I’m talking “will you go with me?” love, not the unrequited or poster-on-the-wall kind …
It’s funny how little I remember about my first love. You’d think the details would be permanently etched in my mind. I was sixteen when we met, we dated for six years, we even moved in together. Shouldn’t more have stuck? It’s weird that you can spend more than 2000 days of your life with a person then pouf, they disappear.
He was the photographer in the relationship, so I don’t even have many pictures. I presume they’re all in dusty boxes at his place, if they still exist at all.
We were living in Sydney when it ended. He wanted to go back to Newcastle. I begged him to stay, but he packed his bags and left. Forever. And it was over, just like that. Maybe another girl was involved. Maybe he’d just fallen out of love. I’m not sure. It’s been blurred by all the vodka I drank to get over him while sobbing to Nothing Compares 2U (read Who we’re you when your heart first broke for the lowdown on that miserable little interlude).
I’m wondering if all that vodka is why I can’t remember getting together either. All that remains is a fuzzy mental snapshot of talking to him in “D” block at high school. He was fighting to save the Franklin River, wearing an army surplus bomber jacket with desert boots instead of the standard issue bottle-green jumper and Batas.

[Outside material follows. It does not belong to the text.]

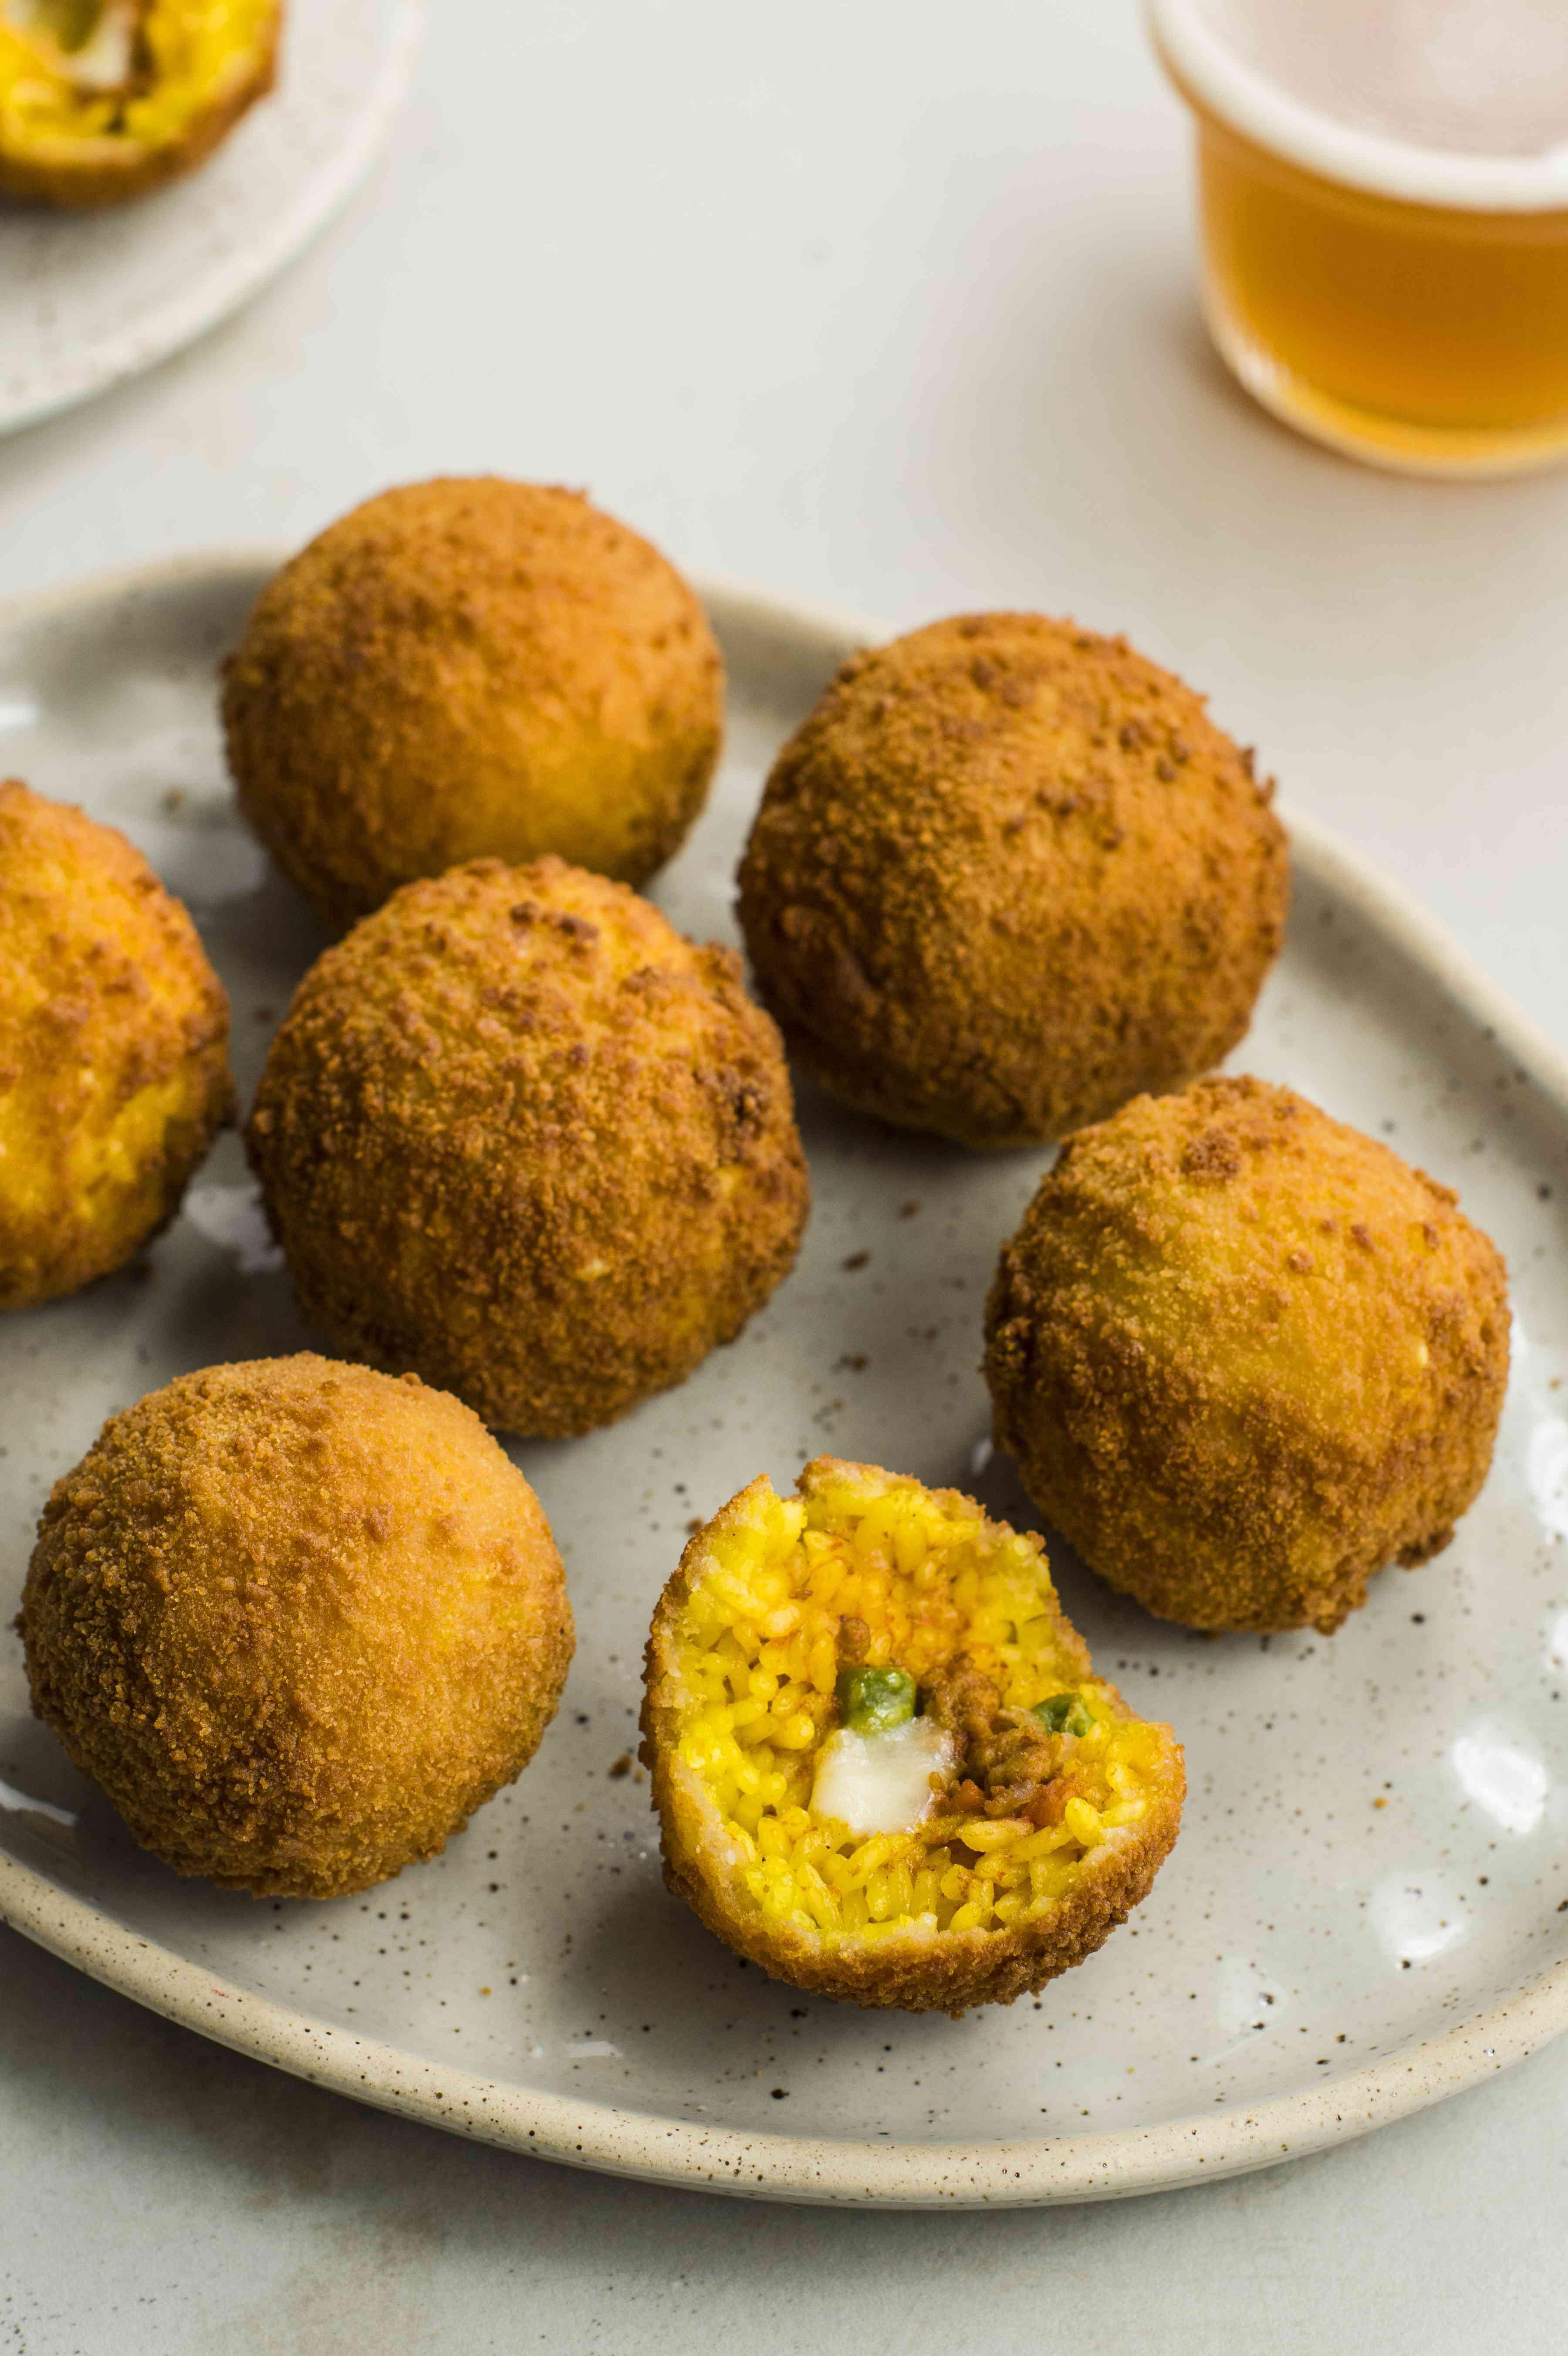 Classic Sicilian arancini rice balls

We had nothing in common – he liked bushwalking and outdoorsy stuff; I liked clothes and books – but I fell madly in love anyway. He was pretty and blonde and fancied me. That’s all someone with low self-esteem and limited experience with boys needed.
Much pashing ensued. Much other stuff too, which has no place in a blog my mother might read. I thought he was the one. But you rarely meet the one when you’re 16.
I was devastated when he dumped me, but eventually understood he’d done the decent thing by setting me free. I went on to meet my real “The One” and he went on to meet his. He’s had three kids and I hear occasional snippets about his life. I can’t quite reconcile them with the boy I once knew.
I find myself curious about this man I loved so much for so long. And I’ve reached out – via Facebook, of course – suggesting we meet.
I’ll have to promise not to blog about it, I expect, but I’m content with that. It’s something just for me. And him. Because maybe he’s curious too.
I wonder whether I’ll recognize the person sitting opposite me. Oh, he looks pretty much the same from his Facebook photos, but what about what’s inside? Will it feel like we still have some invisible connection?
Or will we simply be awkward strangers, eager for our meals to be over so we can make excuses and escape?
HAVE YOU MET WITH YOUR FIRST LOVE? HOW DID IT GO?